# Migrating an i386 installation to AMD64 without reinstall



## kpa (Feb 22, 2015)

This is a method I came up with when I upgraded one of my machines to AMD64. The old i386 installation booted up just fine on AMD64 hardware but the system wasn't taking full advantage of the hardware so I wanted to migrate the OS to AMD64 version of FreeBSD without doing a full reinstall. This method uses cross-compilation of world and kernel and a second bootable disk for holding the upgraded installation.


*Make a backup of your current system first!*

I was the dare-devil and didn't make a backup but for safety you should make one before proceeding further.

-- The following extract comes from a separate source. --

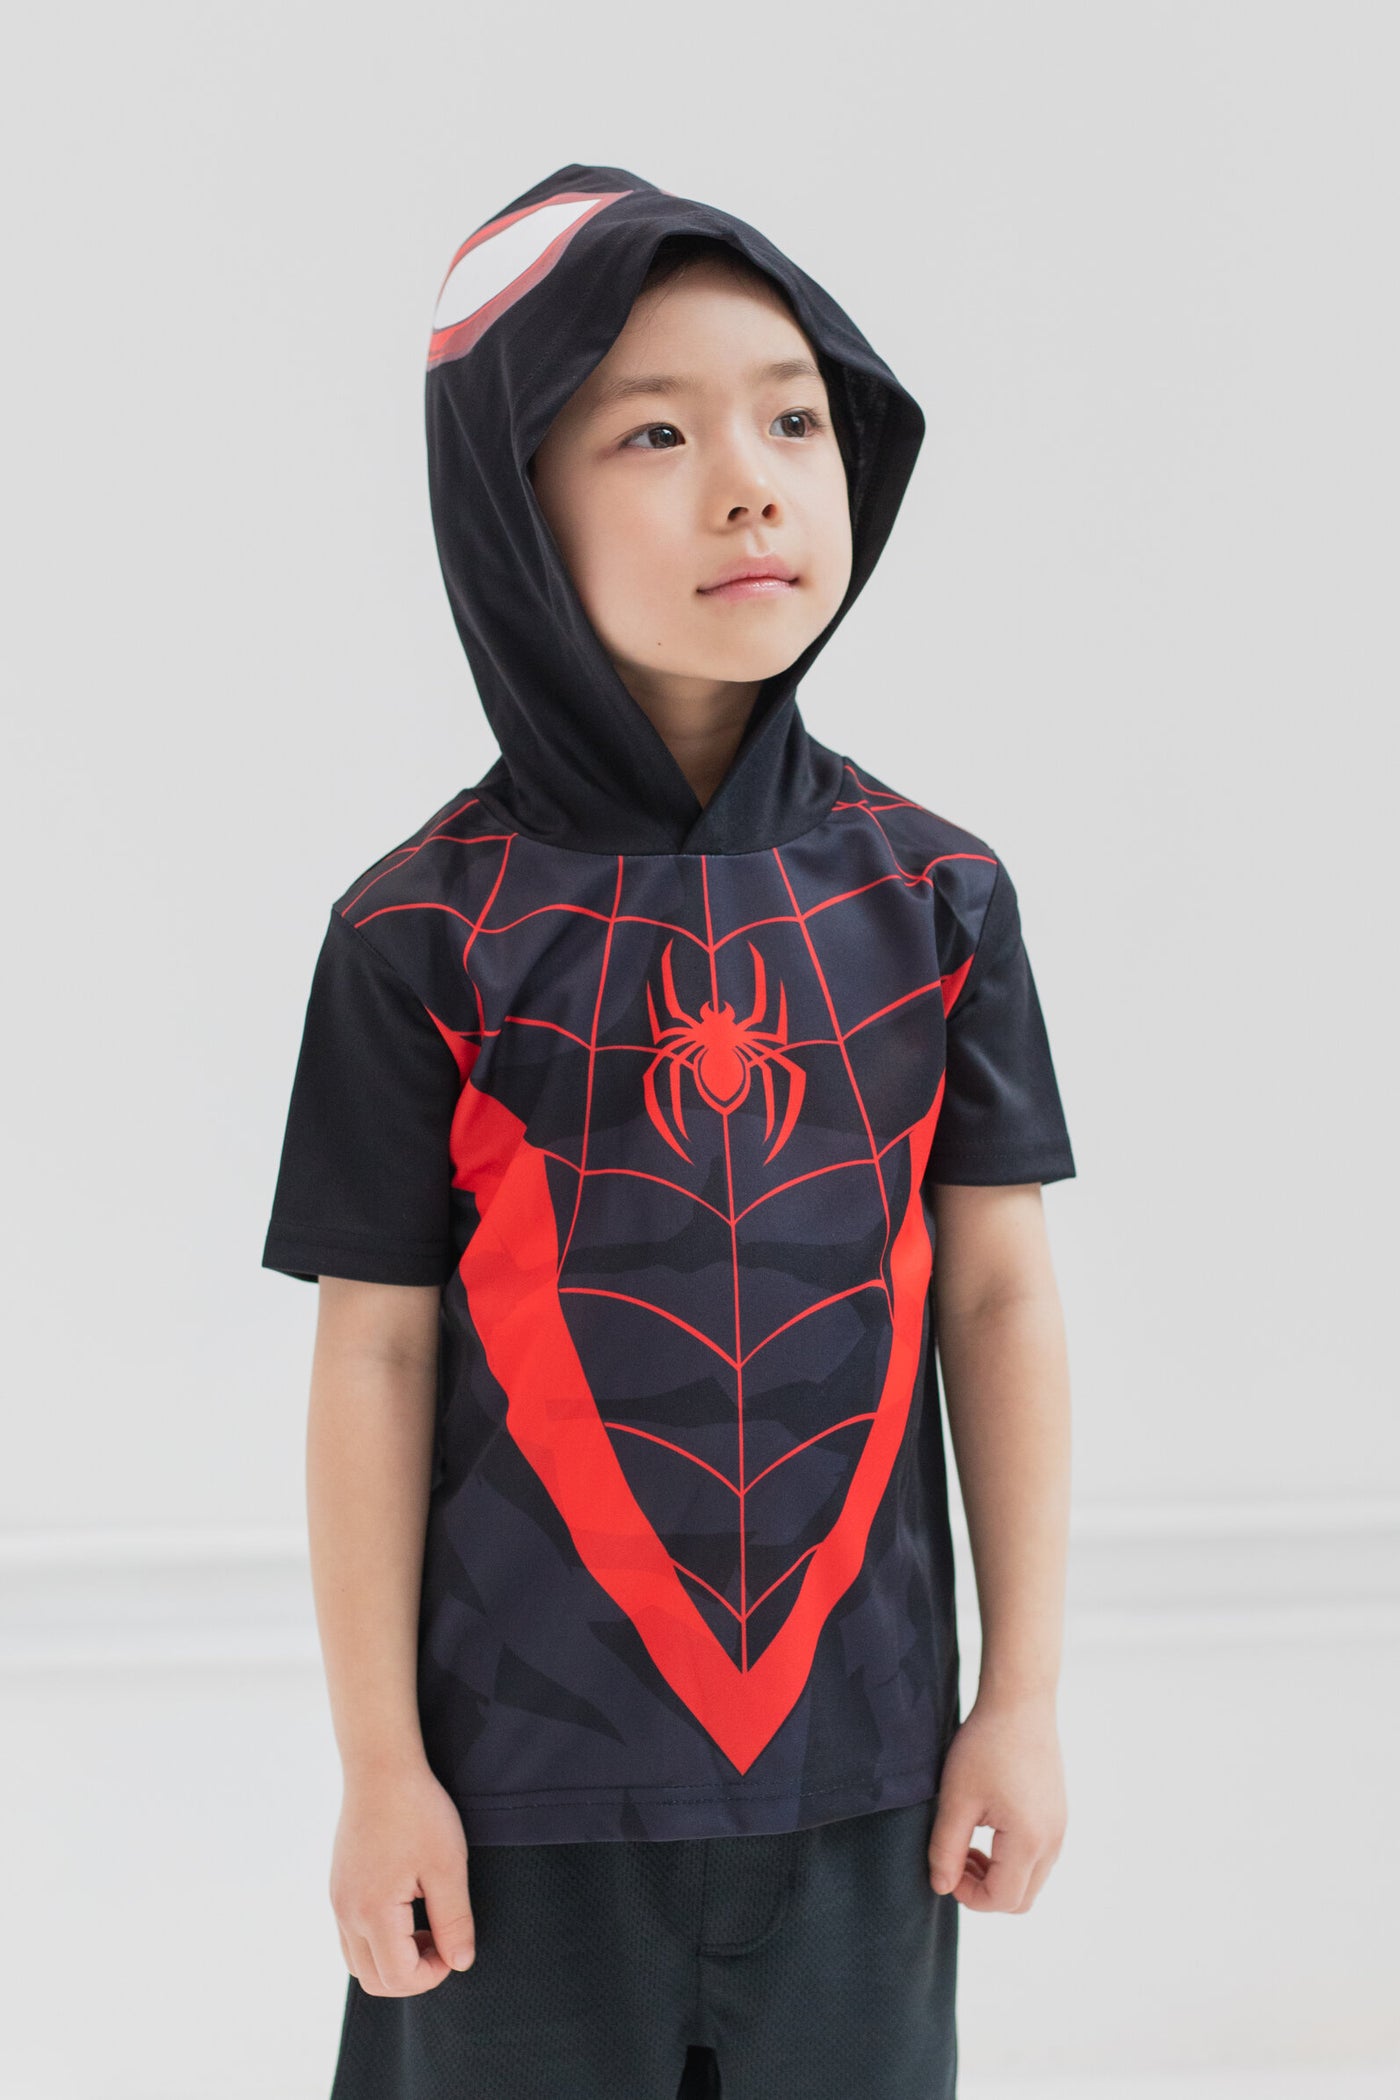 Marvel Spider-Man Miles Morales Athletic T-Shirt Mesh Shorts Outfit Set

*Cross-compiling world and kernel.*

Cross-compiling world and kernel needs the system sources that match your installed system at /usr/src, refer to the Handbook on how to get the sources. This is the invocation I used for launching the build on the old i386 system (in /usr/src):

`env TARGET=amd64 TARGET_ARCH=amd64 make buildworld buildkernel KERNCONF=GENERIC`

I wasn't sure if I really needed to use env(1) or if it's enough to set the variables in the arguments for make(1) but this worked at least. I specified the KERNCONF explicitly because I used a custom kernel on my old system and there is a line in my /etc/make.conf for setting that kernel configuration. The custom i386 kernel config doesn't work for building an AMD64 kernel so I went with GENERIC on the AMD64 system.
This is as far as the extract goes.